Cookies: Used in web browsers to maintain small data holding user preferences or login details, and is quite different from caching

We will see the various techniques used to save particular data temporarily, as we cannot save the entire stuff. Caching techniques can be used in different systems, such as:

  • Cache memory
  • Cache servers
  • CPU cache
  • Disk cache
  • Flash cache
  • Persistent cache

Cache is considered effective when the client requests data and it hits the cache rather than reading from the direct memory — this is termed as cache hit, else it’s a cache miss. Several algorithms are used to increase the cache hit ratio based on application requirements. A few are briefly described below.

Cache algorithms


  • This caching technique is used to perform advanced reads of the nearest data from the recently used data.
  • The idea behind reading closely associated data is it increases the chances of reading this data as well.
  • This will increase the performance as the manual read is avoided and the data is ready to be served.
  • For example, data saved in an array or similar type of records from a table can be read with a single read instruction from the original source and saved in the cache. This avoids multiple iterations of read requests.

FIFO (first in first out)

  • Data is added to the queue as it is accessed.
  • Once the cache is full, the first added item is removed from the cache.
  • The ejection occurs from the order of data being added.
  • From the point of view of the terms of implementation and performance this technique is fast but not smart.

LIFO (last in first out)

  • This is the opposite of FIFO — once the cache is full, the last added item is removed first.
  • The ejection occurs in the reverse of the order of data being added.
  • This technique, too, is fast but not smart.

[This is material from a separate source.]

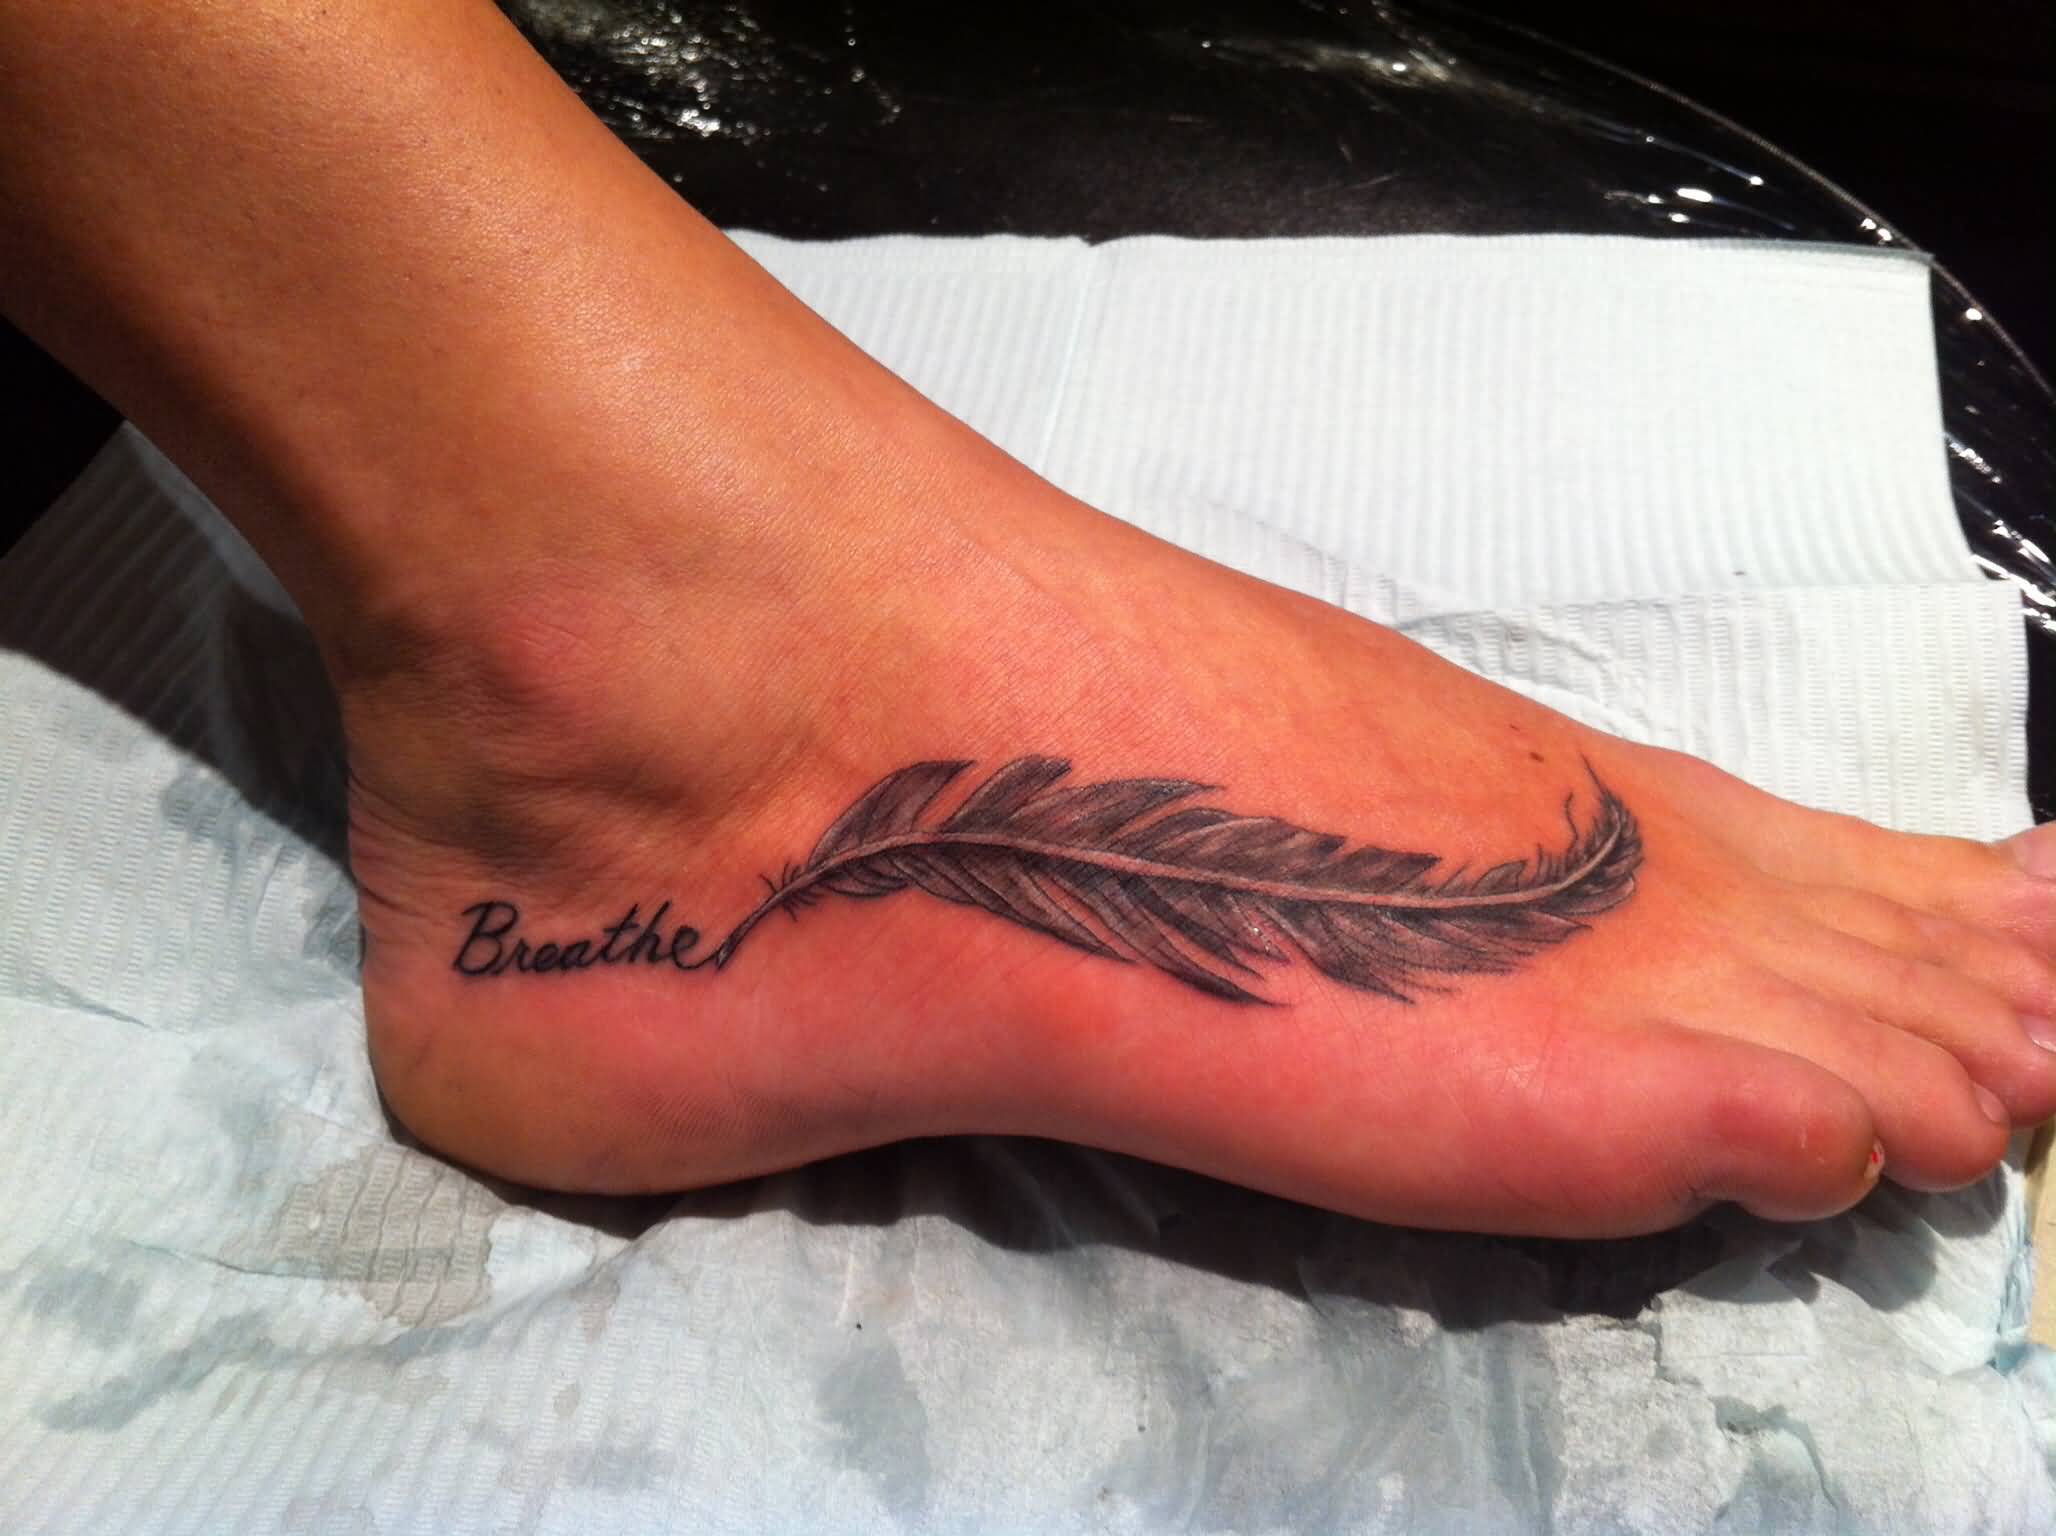 Realistic Feather Breathe Foot Tattoo

LFU (least frequently used)

  • Here the data keeps track of how frequently it has been used from the cache, and the count is maintained.
  • Once the cache is full, the lowest count data gets removed first.

LRU (least recently used)

  • Initially any read data is added to the cache, but when the cache is full it frees up the least recently used data.
  • Here, each time the data is read from the cache it’s moved to the top of the queue, increasing its significance.
  • This is a fast and most commonly used algorithm.
  • ‘Temporal Locality’ uses a similar concept while saving the recently used instructions in cache memory, as there are high chances of these being used again.

LRU2 (least recently used twice)

  • Two caches are maintained here — the item is added to the main cache only when it is accessed a second time.
  • Once the cache is full, the least recently accessed item is removed.
  • This is complex and more space is required, as there are two caches and the count of accesses is maintained.
  • The advantage is the main cache holds the most frequently and recently accessed data.

2Q (two queue)

  • Here, as well, two queues — one small and one large — are maintained.
  • First, accessed data is added to the smaller LRU queue.
  • If the same data is accessed a second time, it is moved to the larger LRU and removed from the first queue.
  • Performs better than LRU2 and makes it adaptive.

MRU (most recently used)

  • Quite opposite to LRU, here the most recently accessed data is removed from the cache.
  • This algorithm leans towards the older data, which is more likely to be used again.

STBE (simple time based expiration)

  • Here, once the data is added to the cache, its lifetime tickers get started.
  • Data is removed from the cache after a certain time period, e.g., at 5.00 pm or a particular date or time.

ETBE (extended time based expiration)

  • Data from the cache is removed after a certain time period.
  • Here the time to evict data is configurable; e.g., five hours from now, or every ten minutes.

SLTBE (sliding time based expiration)

  • The timeline of the data extends after being accessed from the cache.
  • In this algorithm, the most recently accessed data gets more time to stay in the cache.

WS (working set)

This is similar to LRU, but here a flag is created for each access in the cache.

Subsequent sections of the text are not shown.